Transactions that have been committed

At this point, many people say to look at the undo version chain in the largest committed transaction ID, as long as it is smaller than it is ok. That’s not true. For example, 90 is definitely bigger than 89. But the 90 transaction can execute very quickly. It’s done ahead of schedule. Then the largest undo chain is 90, but the smaller 89 is still uncommitted.

So committed transactions = the part less than the maximum committed transaction ID – ongoing transactions

Id of a transaction that has not been started

This is simple, as long as you find the largest transaction ID, greater than it is still the start of the transaction

Repeatable read implementation principle

The first is repeatable reads: in a transaction, the same data is read each time. Other transactions that modify and commit are also unreadable in their own transactions.
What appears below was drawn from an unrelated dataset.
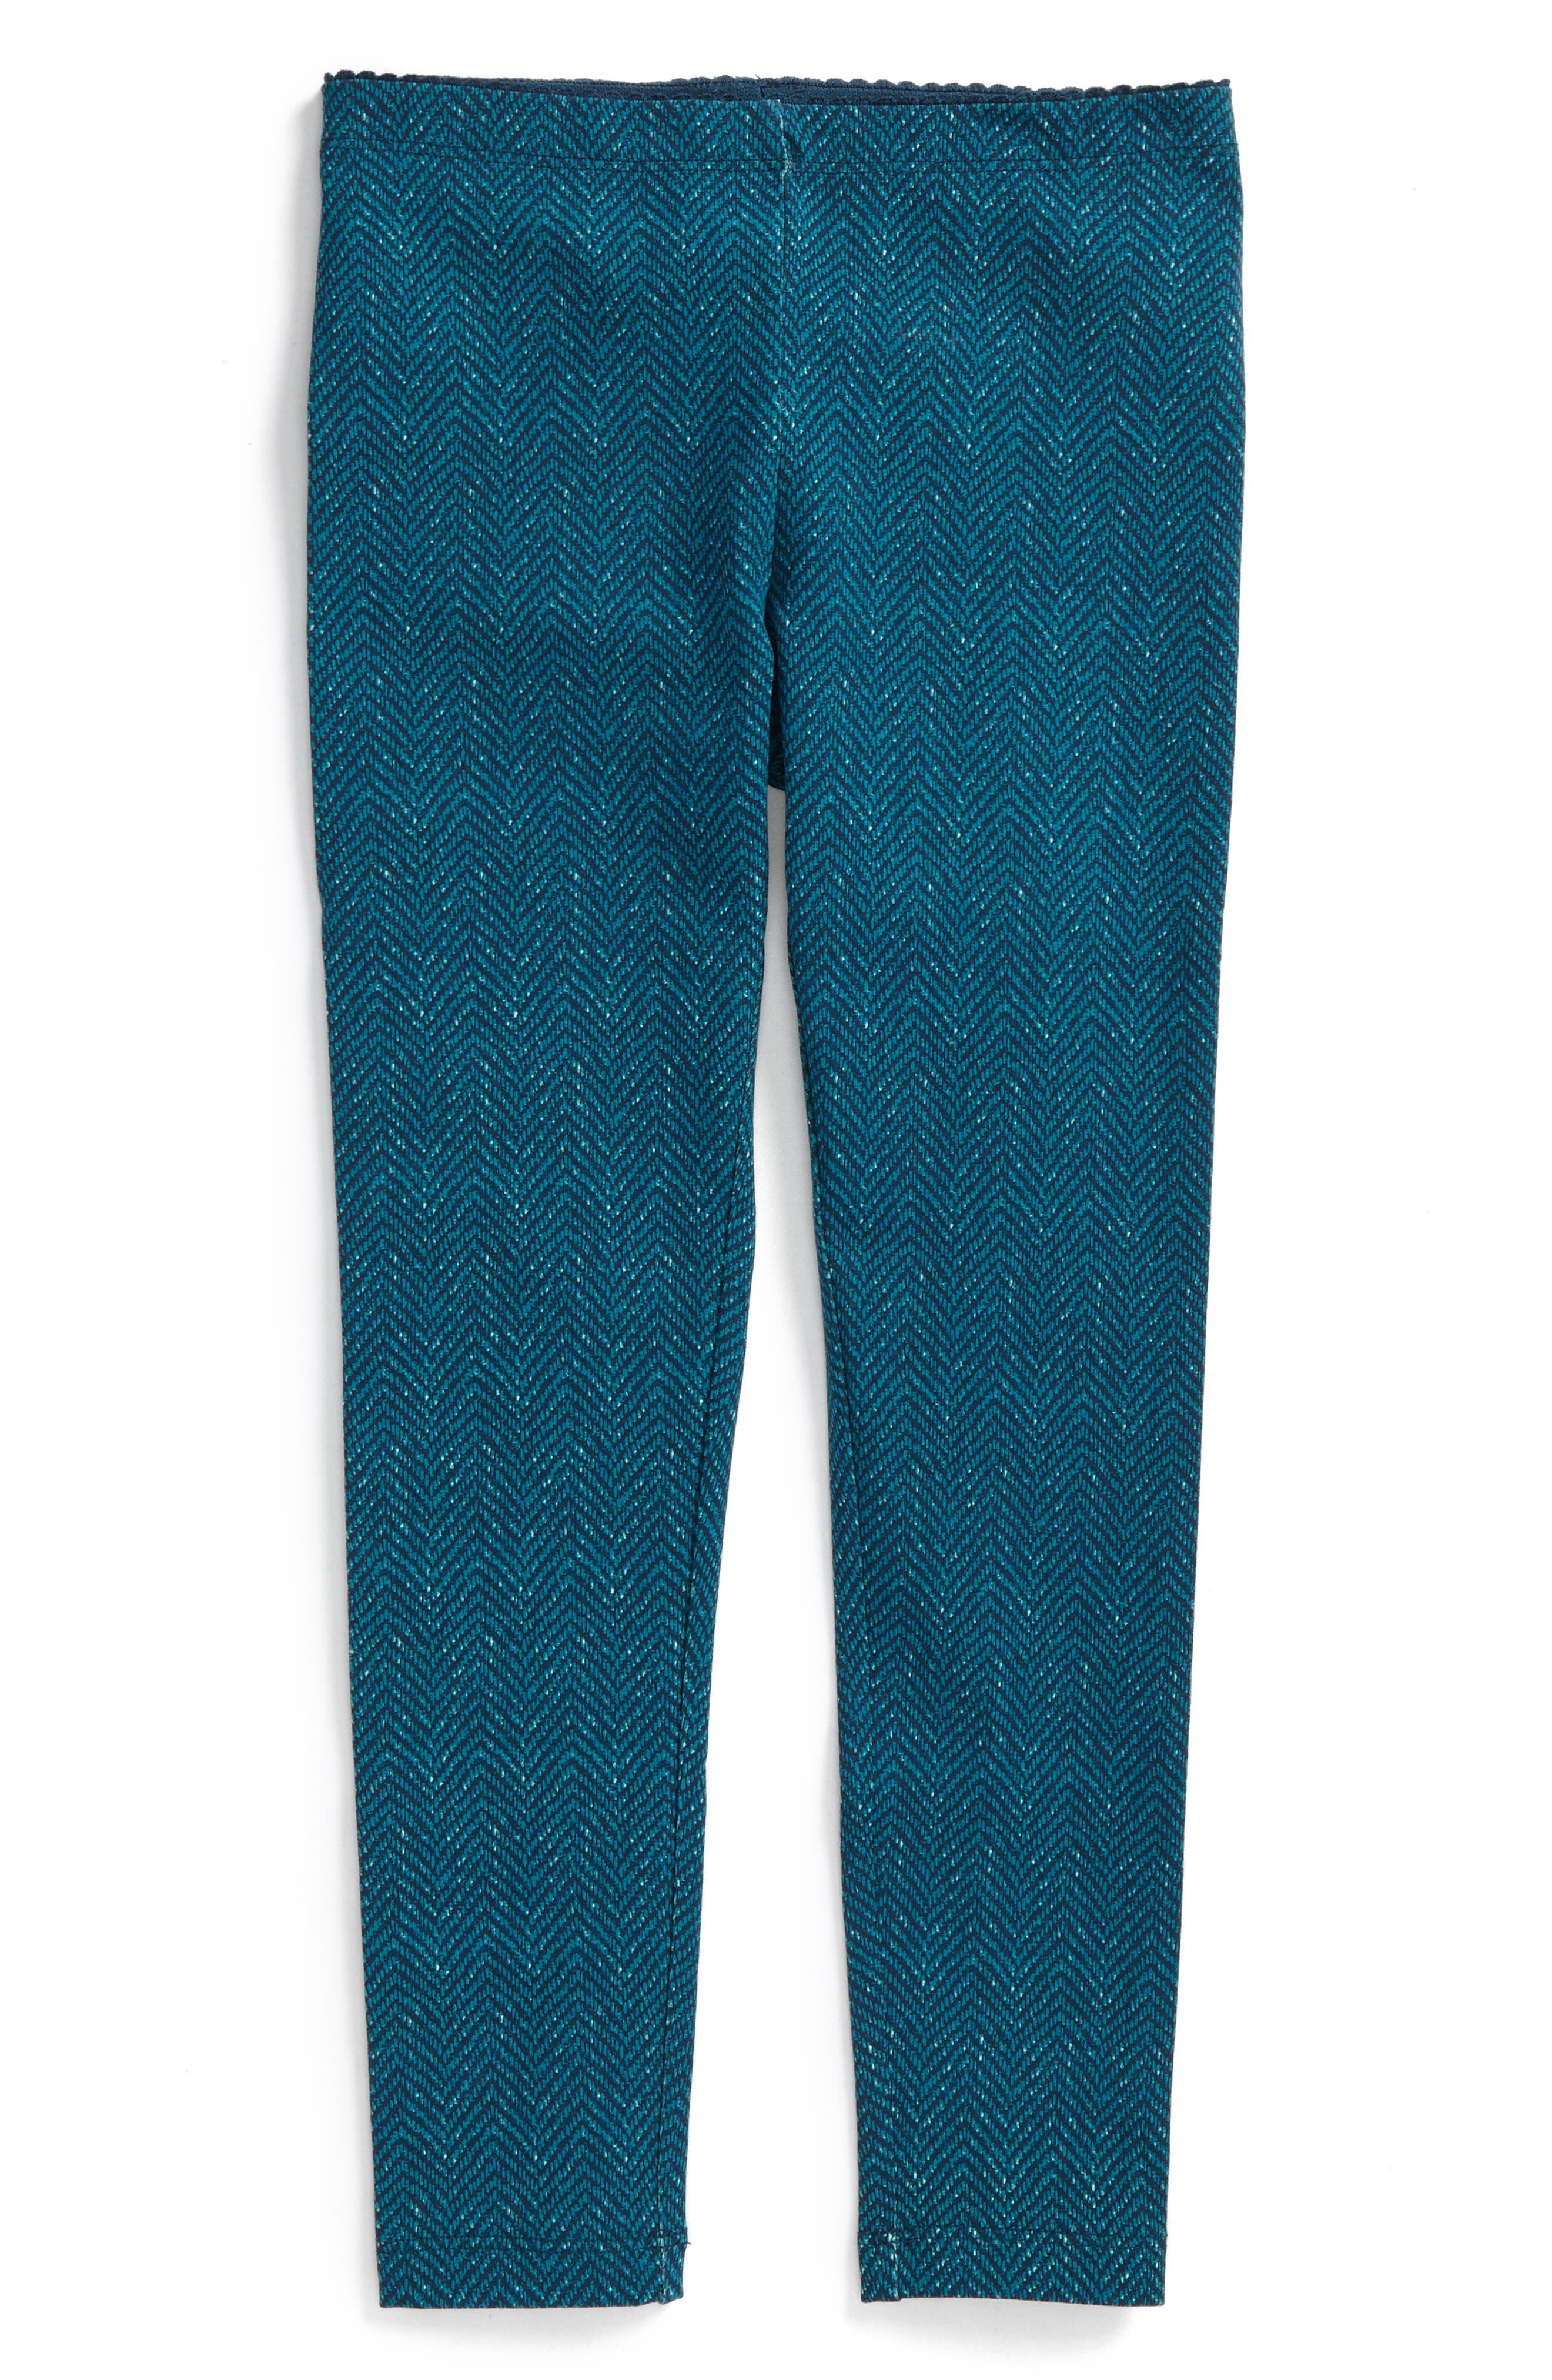 Tweed Print Leggings,                         Main,                         color, River Green

How do you do that? In fact, we only need to record what transaction ids were committed when the transaction was first queried. We do not recalculate committed transaction ids throughout the transaction. You can do it. When querying, we only query the transaction ids recorded by our consistency view. Mentioned above: Committed transactions = the part less than the maximum committed transaction ID – ongoing transactions

Read committed implementation principles

Read Committed: In a transaction, each read of the same data may be different. Someone else’s transaction is modified and committed and we can sense it and read it.
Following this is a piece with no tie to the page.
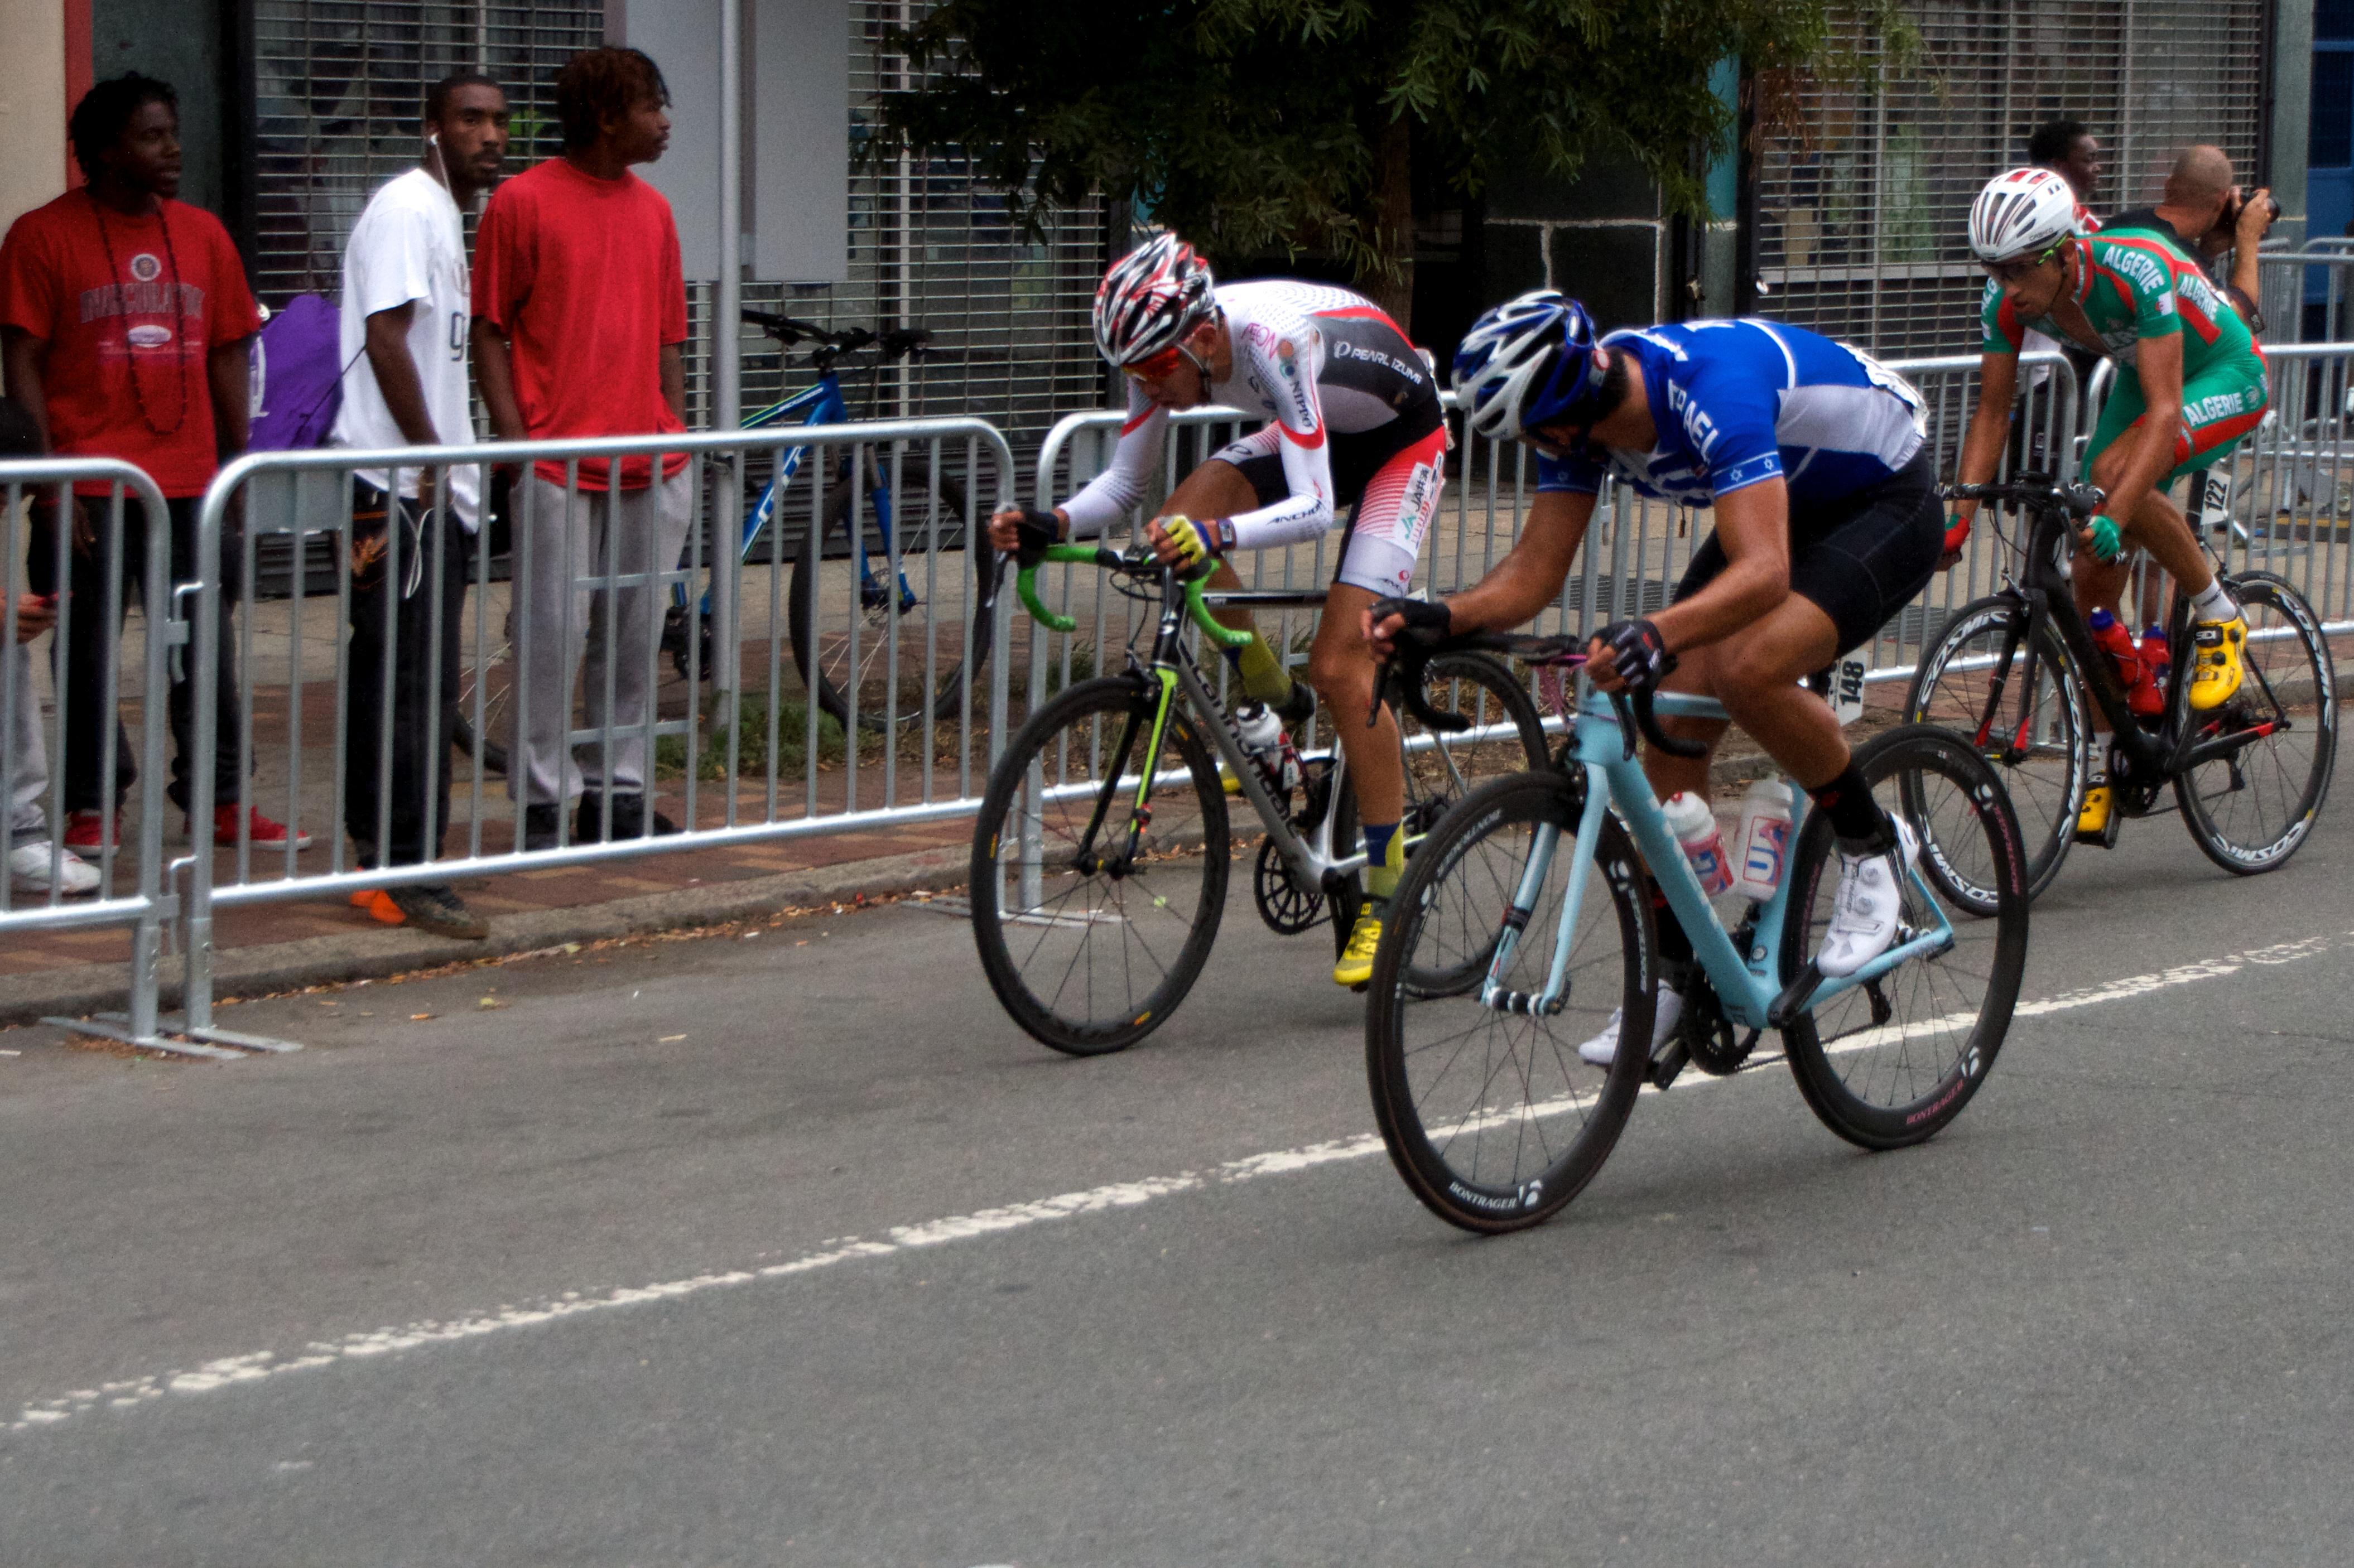 1db5b112d bicykel rekreácia vozidlo športové vybavenie jazda na bicykli preteky  športové dostihy vcubrb cestná cyklistika rekreáciu v

How do you do that? Count which transactions have been committed each time a query is initiated, as opposed to the above. I’m going to do it the same way. It’s just that the timing of generating the consistent view has changed. Becomes generated for each query

Transaction id = 80 Transaction id = 90 Transaction id = 100
begin ; begin ; begin;
select * from account where id = 1; \ \
\ update account set balance = 100 where id =1; \
\ commit; \
\ \ select * from account where id = 1;
update account set balance = 200 where id =1 \ \
commit ; \ \
\ select * from account where id = 1; \
\ \ select * from account where id = 1;

What is the result set of each of the above SELECT queries at the isolation level of repeatable reads and read committed? So let’s think about it in terms of the calculation above

Repeatable parsing

Read committed parses

Leave it to you, who love to learn. If you really can’t figure it out. Then send me a message

Note: The begin/start transaction commands are not the starting point of a transaction. The transaction is not actually started until the first modification operation is performed on the InnoDB table. The transaction IDS are assigned to mysql strictly in the order in which transactions are started.

Conclusion:

The MVCC mechanism is implemented through the read-view mechanism and the undo version chain comparison mechanism, so that different transactions can read different versions of the same data in the version chain according to the data version chain comparison rule.

BufferPool and mysq

Why can’t Mysql just update the data on disk and set up such a complex mechanism to execute SQL? Because a request comes directly to the disk fileRandom read and write, and then update the data in the disk file. Performance can be quite poor. Because the performance of random disk reads and writes is very poor, updating disk files directly does not make the database resistant to high concurrency. The Mysql system may seem complicated, but it guarantees everyUpdate requests are always to update the memory BufferPool, and then write log files sequentially, which can also ensure data consistency in various abnormal cases. Update memory performance is extremely high,Then sequential writing to the log files on disk also performs much better than random reading and writing to the disk files.It is this mechanism that allows our MySQL database to withstand several stems of read and write requests per second on higher-configuration machines.